Interior Department chief Ryan Zinke has a special secretarial flag hoisted when he enters the office, in an effort to promote transparency, The Washington Post reported.
It's an arcane military ritual that is unprecedented within the federal government, the Post reports.
However, Zinke's office says it sends an important message to the American people from their Interior leader, a former Navy SEAL commander.
"Ryan Zinke is proud and honored to lead the Department of the Interior, and is restoring honor and tradition to the department, whether it's flying the flag when he is in garrison or restoring traditional access to public lands," press secretary Heather Swift told the Post in an email.
It's also attracting more attention and scorn to Zinke, who's under investigation for his travels on private federal aircraft for official and unofficial business; he's used the private fleet for fundraising stops while toting his wife with him.
"We're talking about Cabinet members and federal buildings, not the Queen of England and Buckingham Palace," Chris Lu, deputy labor secretary in the Obama administration, told the Post. "If we had a secretarial flag at the Obama Labor Department, we never bothered to locate it or use it."

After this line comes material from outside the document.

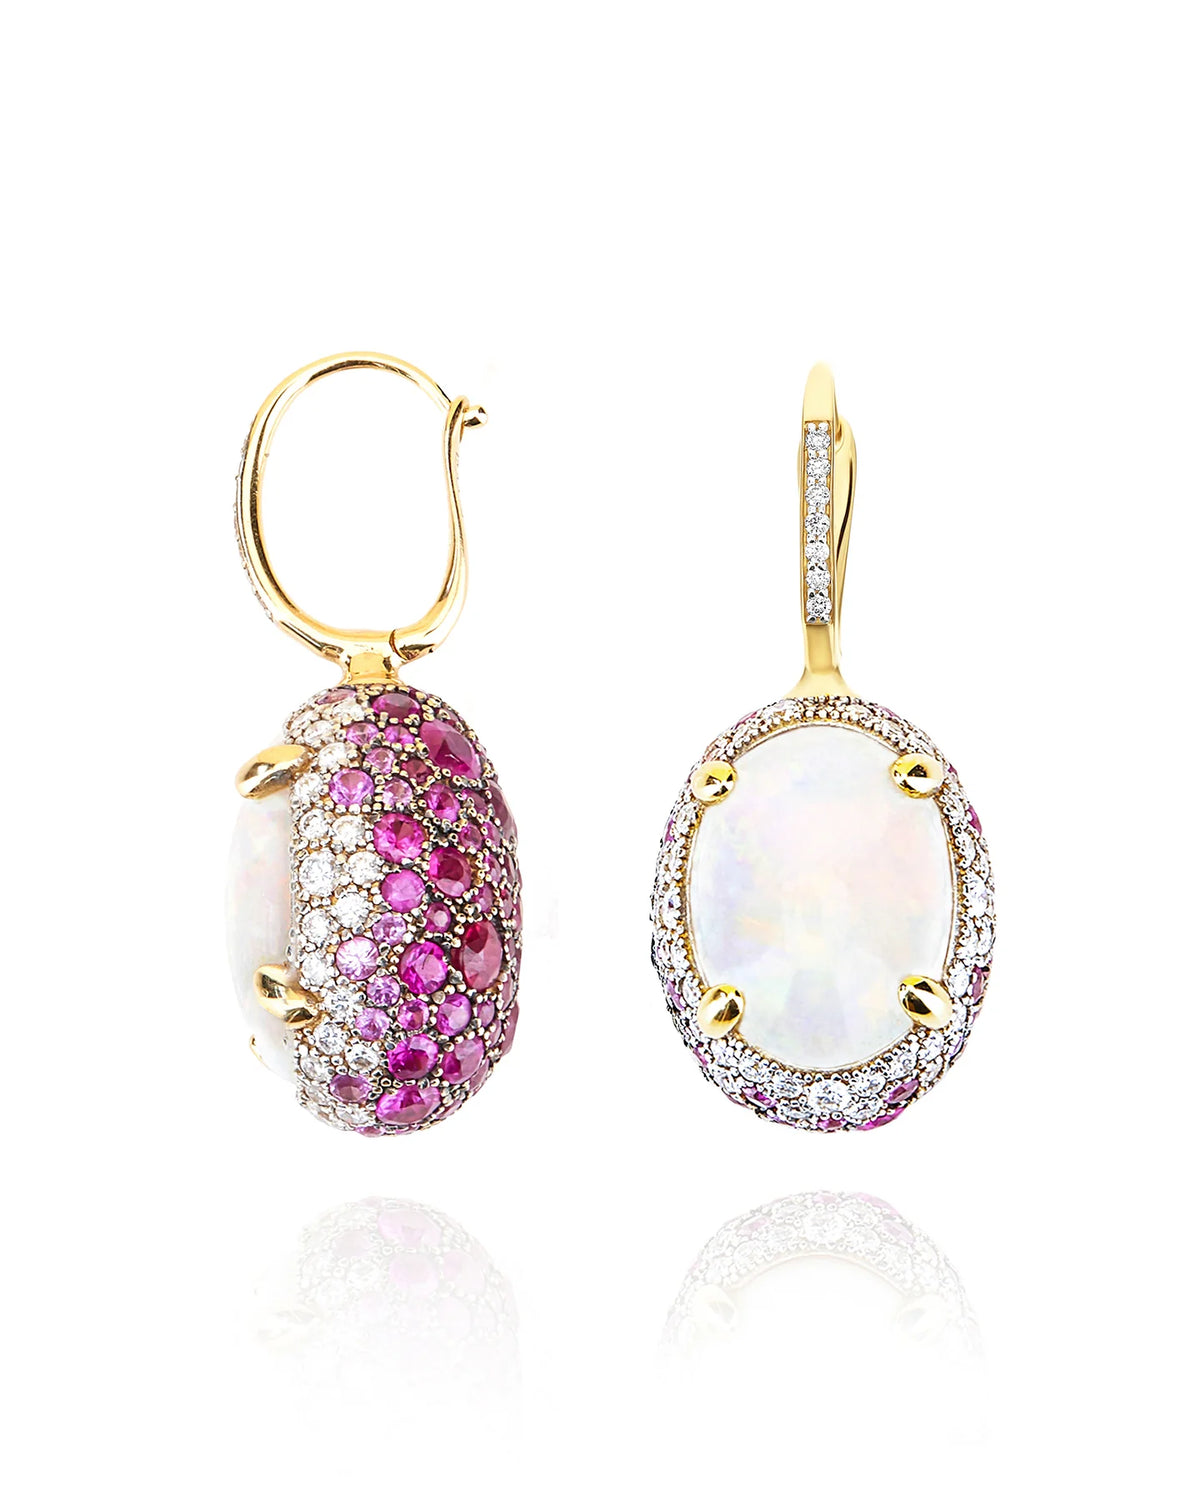 Nanis Reverse Gold, Pink Sapphires, Rubies, White Australian Opal and Diamonds Double Face Ball Drop Earrings (Large) - Orsini Jewellers

MSNBC "Morning Joe" host Joe Scarborough on Friday criticized Zinke for flaunting his "self-importance."
"Here you have Ryan Zinke now acting like the Queen of England, hoisting a flag whenever he's in," Scarborough said on his show. "This self-importance, and sort of this lurch toward tiny dictators, these tiny autocrats. This is Trump's Washington."
The flag — "a blue banner emblazoned with the agency's bison seal flanked by seven white stars representing the Interior bureaus" — gets taken down when Zinke leaves the office, the Post reports.